Plus, the CDC states that a false positive can lead to unnecessary worry and tests, like a biopsy, causing potential harm.

There are also some cases where the amount of prostate cancer is so minimal that it would never be life threatening. Overdiagnosis of people who would not have had symptoms or died from their amount of prostate cancer may lead to more medical complications from the treatment, according to the CDC.

Some treatment side effects include:

  • urinary incontinence
  • erectile dysfunction
  • bowel problems

If you’re concerned about your treatment plan, it’s a good idea to get a second opinion and weigh the pros and cons of treatment.

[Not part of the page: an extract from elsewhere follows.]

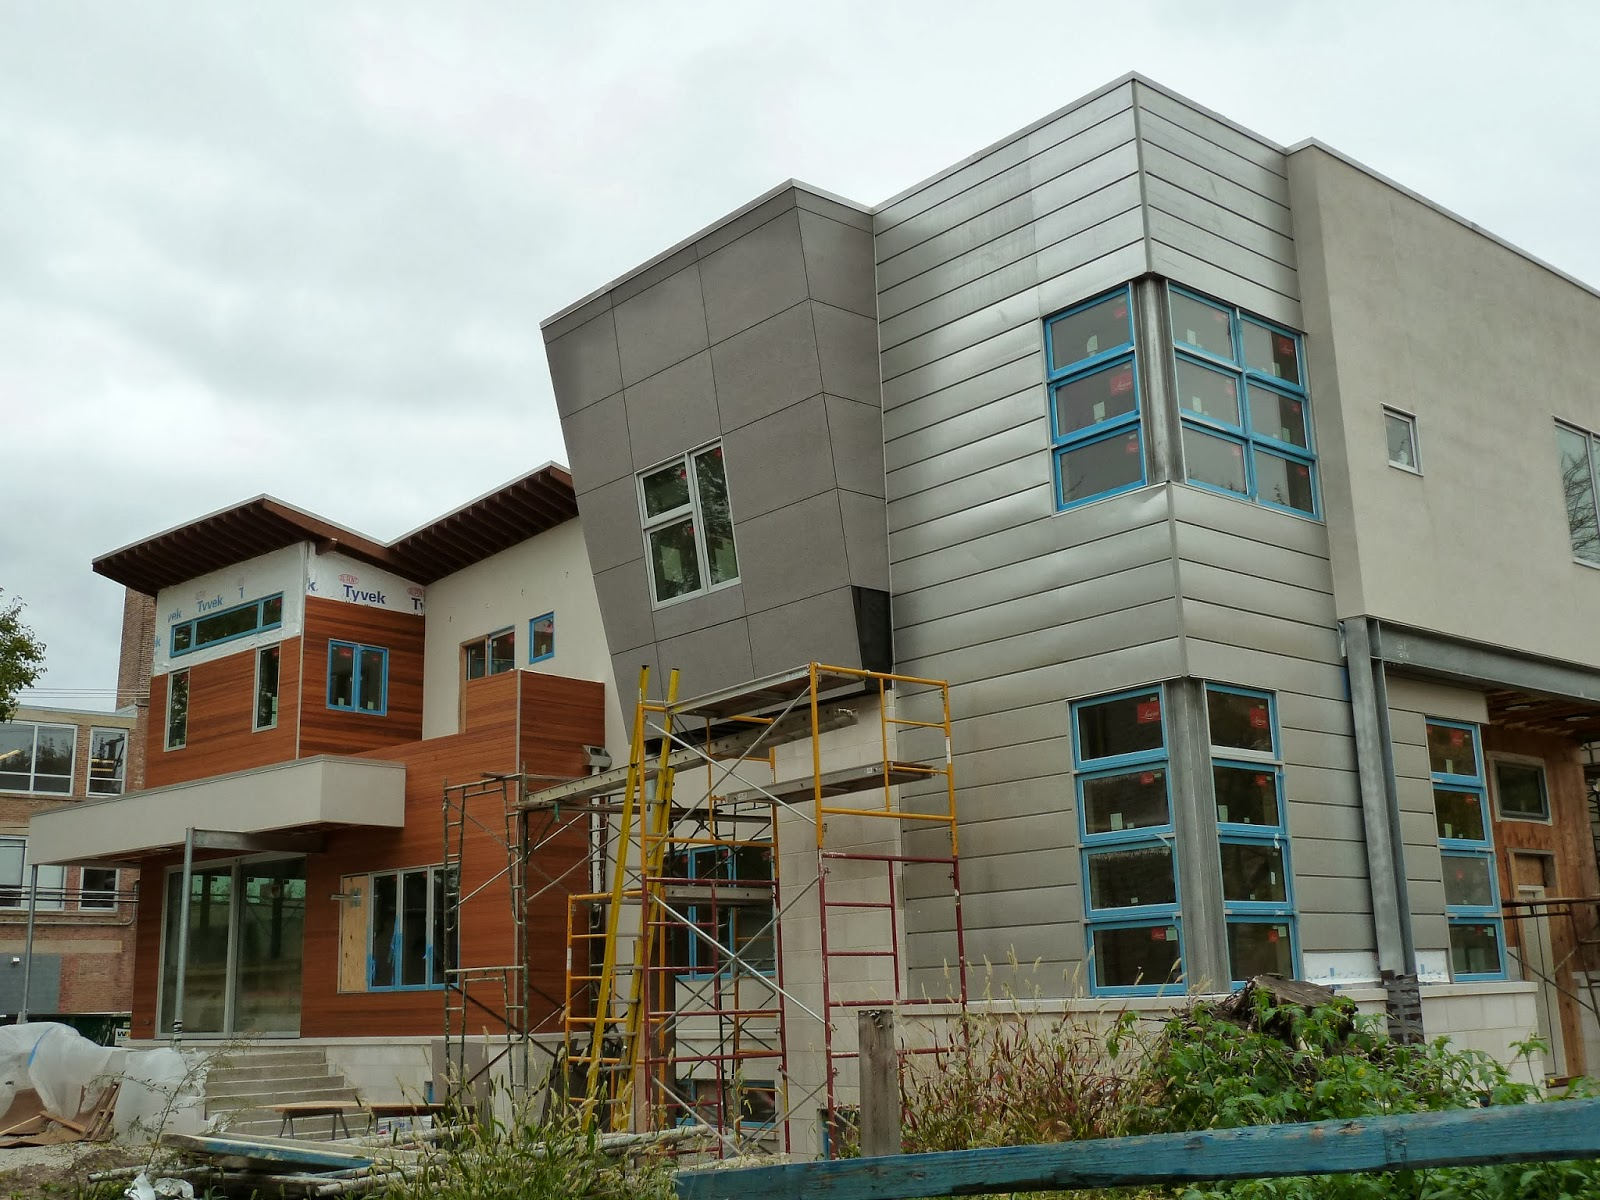 New Builds Hermitage Lane Mansfield
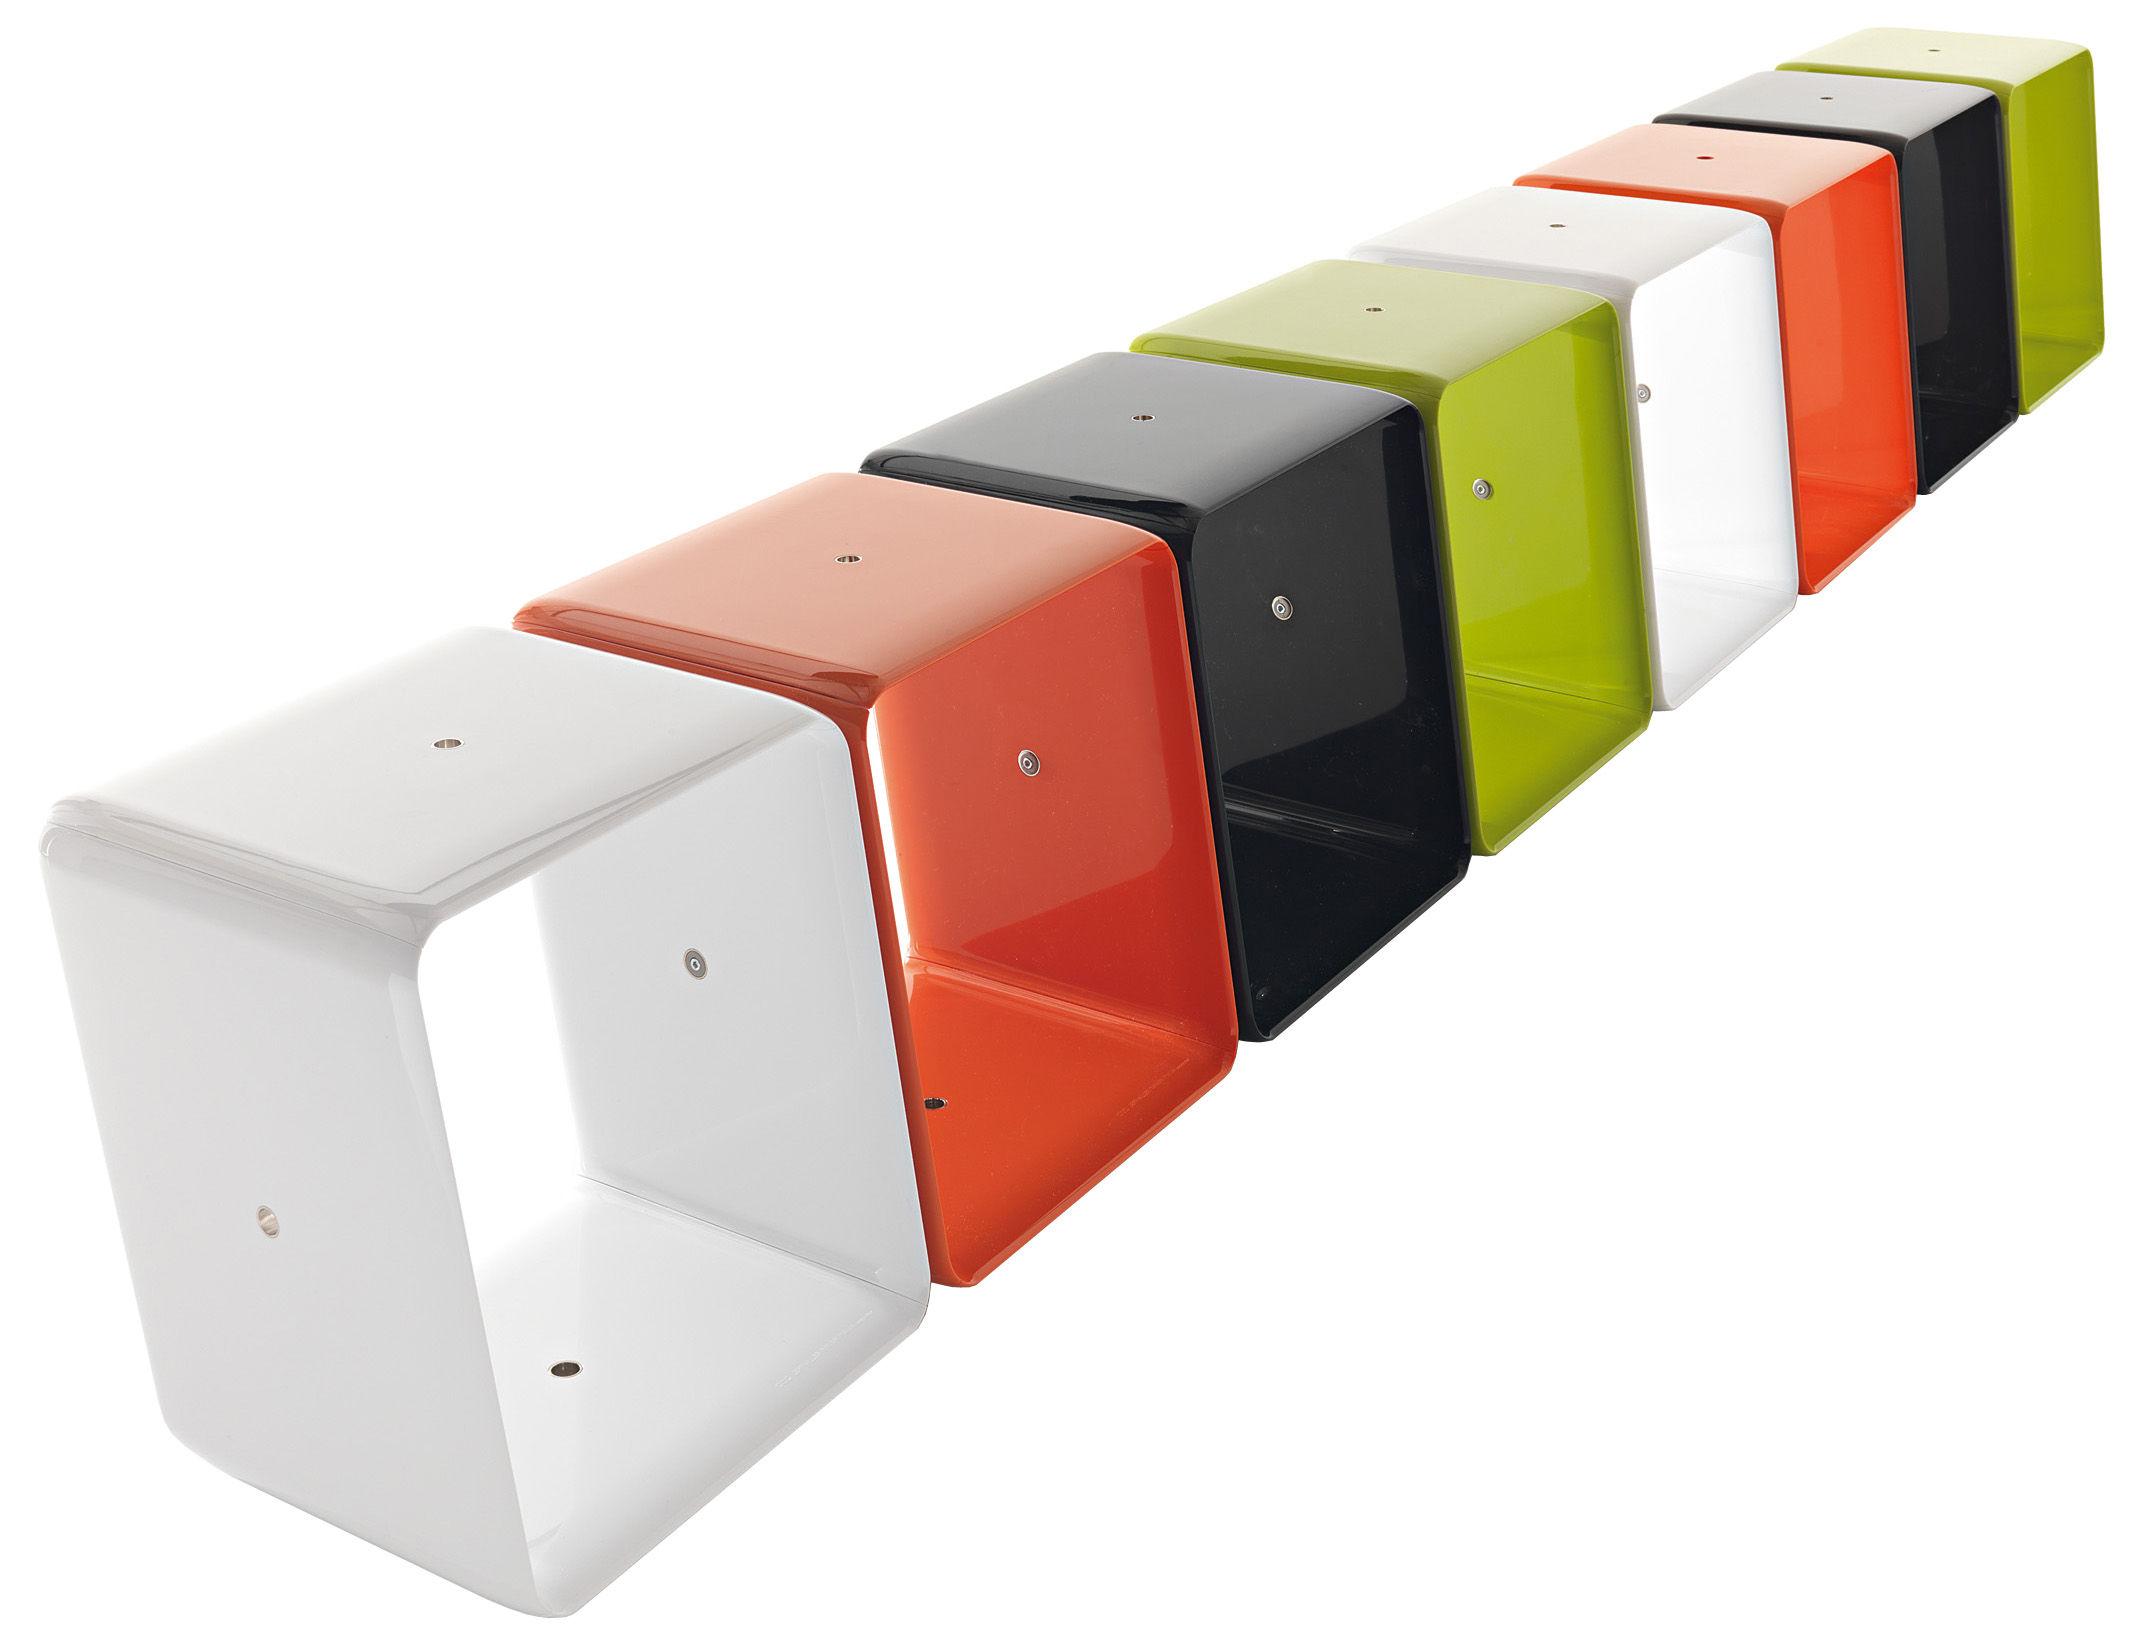 Etag re obo cube modulaire orange cerruti baleri - Bloc etagere modulable ...

While there is no specific PSA level that indicates prostate cancer, a PSA of 4.0 ng/mL or higher can show an increased risk of prostate cancer. However, it does not confirm prostate cancer. If you have elevated PSA levels, a doctor may order a second PSA test to confirm your results, carry out a digital rectal examination, or perform a biopsy.

Research suggests that upper PSA levels by age are:

  • 40 to 49: 2.5 ng/mL
  • 50 to 59: 3.5 ng/mL
  • 60 to 69: 4.5 ng/mL
  • 70 to 79: 6.5 ng/mL

However, these ranges typically apply to white people. Black people often have naturally higher PSA levels. These ranges also do not account for transgendernonbinarygender nonconforminggenderqueeragender, or genderless people.

Your health history, risk factors, and symptoms will play a part in whether a doctor feels further investigation is necessary.

The National Cancer Institute states that a PSA level above 4.0 ng/mL is considered “abnormal.” However, PSA levels vary by age, and some doctors will raise the cutoff to 5 ng/mL for older people, and lower it for younger people to 2.5 ng/mL.

Certain medications, such as finasteride and dutasteride, can also affect PSA levels, so a lower cutoff may be necessary to indicate an “abnormal” result.

If you have a PSA level between 4 and 10, you’re considered to be in the “borderline range,” according to the ACS. You have a 1 in 4 chance of having prostate cancer.

If PSA levels rise above 10, there’s a 50 percent chance you have prostate cancer.

According to Prostate Cancer UK, it is best to avoid the following activities for 48 hours before a PSA test:

  • vigorous exercise, like cycling
  • sexual activity that leads to ejaculation

You should also avoid anal sex or prostate stimulation for a week before a PSA test. It is important to speak with a doctor about any medication you’re taking before arranging a test, as certain medications can lower or raise PSA levels and may affect your results.

PSA tests can be a valuable tool to help you get preliminary answers about your prostate health. While PSA tests can have flaws, the information can still be beneficial for doctors when combined with your medical history and other criteria.

A PSA test can provide comfort while also potentially removing the need for a more invasive biopsy. While the results can help you feel a sense of ease, it’s best to talk with a doctor throughout the process. False positives and negatives can occur, and PSA levels are sensitive to many health and lifestyle factors.